20th Anniversary Spotlight: Aaron Tucker | Book*hug Press

20th Anniversary Spotlight: Aaron Tucker

Our 20th-anniversary celebrations continue with another Author Spotlight interview. Today, we’re shining a light on the one and only Aaron Tucker. We’ve had the great honour of publishing two poetry collections by Aaron, including Irresponsible Mediums: The Chess Games of Marcel Duchamp and Catalogue d’oiseaux. Aaron is a delight to work with and one of the kindest and coolest people we know (ask him about film sometime and you’ll see what we mean). Our Sales and Events Coordinator, Reid, did his undergrad at York University while Aaron was doing graduate work there. Aaron would often buy him coffee out of the kindness of his heart. That’s just one example of Aaron’s kindness.

In our Q&A with Aaron, he shares what it means to be part of the Book*hug author family and a title from fellow Book*hug Marianne Apostolides that has left a lasting impression on him.  Happy reading!

B*: What does being part of the Book*hug Press author family mean to you? Please share an anecdote, reflection, or backstory about your publishing experience?
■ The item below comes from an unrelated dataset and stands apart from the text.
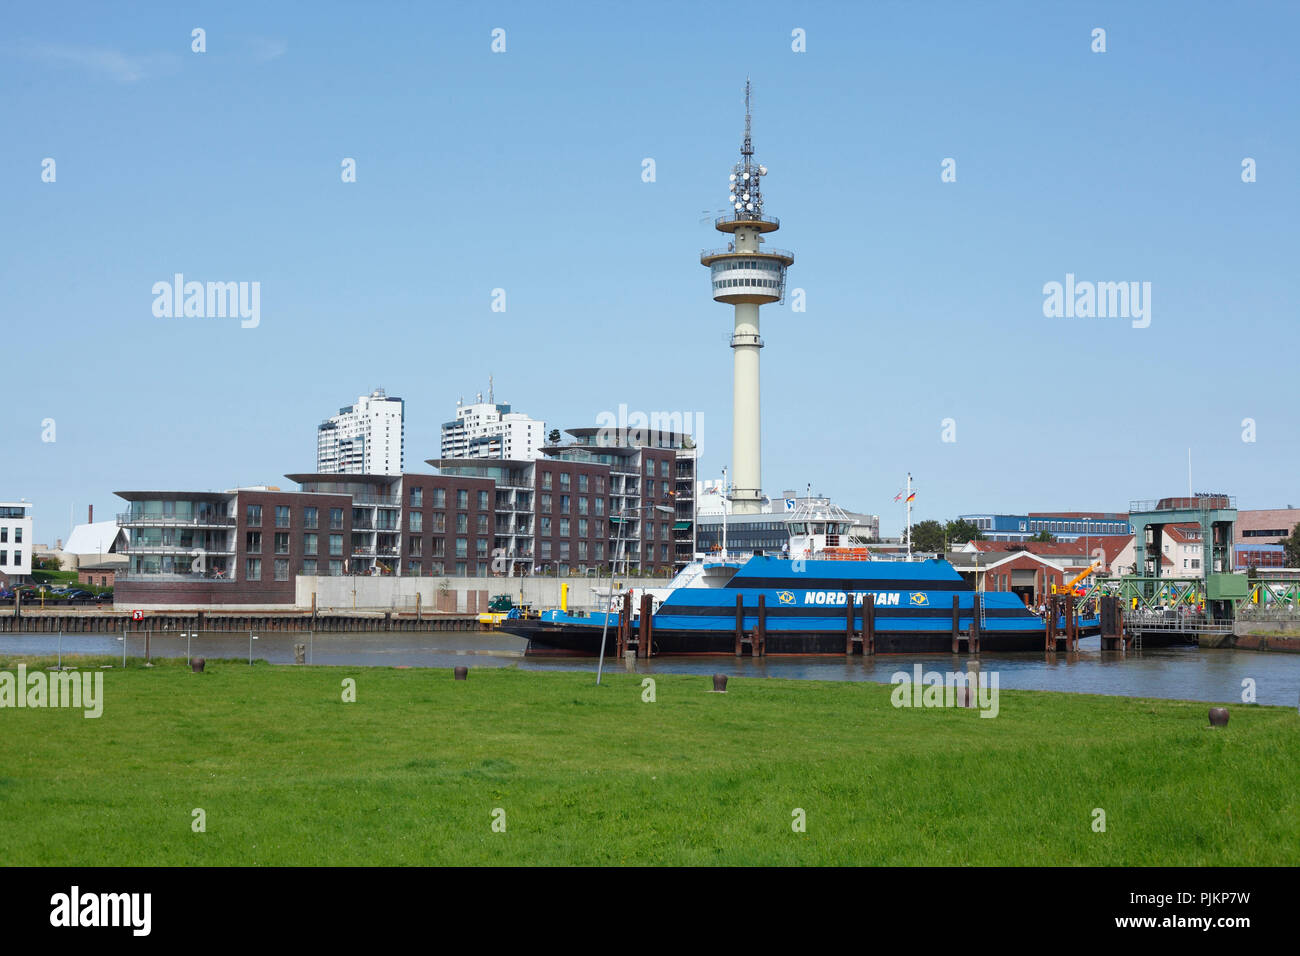 Modern architecture, radio tower and car ferry to Nordenham at the Geeste, Bremerhaven, Bremen, Germany, Europe Stock Photo

Book*hug Press has always taken chances on the strange and personal, and I’m grateful that they have nurtured two of my books of poetry, alongside countless others. I am proud of how bizarre my first book with the press is and how restlessly the press believed in it: Irresponsible Mediums (2017) the book uses an app I built with Jody Miller to translate all of Marcel Duchamp’s chess games in poems; the book is playful and confounding, and I am so appreciative that it is out in the world. My second book, Catalogue d’oiseaux, is the flip side, a deeply personal love poem that happened to come out during Covid. Despite all that was going on in the world, the press made sure that this bright light of a book made it out to readers, and I’m very lucky for that. I’m grateful to have the two books be part of the wide-ranging and always interesting legacy of Book*hug. 

B*: Can you share another title from the Book*hug Press catalogue that has left a lasting impression on you as a reader? Tell us about a book that has been a touchstone for you, one that you found meaningful, interesting, or simply loved.

I love and admire Marianne Apostolides’s I Can’t Get You Out of My Mind (2020). This book has only gotten more relevant with the rise of Generative AI in the past two years. While it rings out in my mind for how it fits into the contemporary moment of human-machine symbiosis, it also stands out because the writing is aching and intelligent and unsparing. As much as anything, this novel is a sensual reflection on what it means to exist alongside and in relation to other humans and machines in an ecosystem that is porous and malleable and full of intimacies.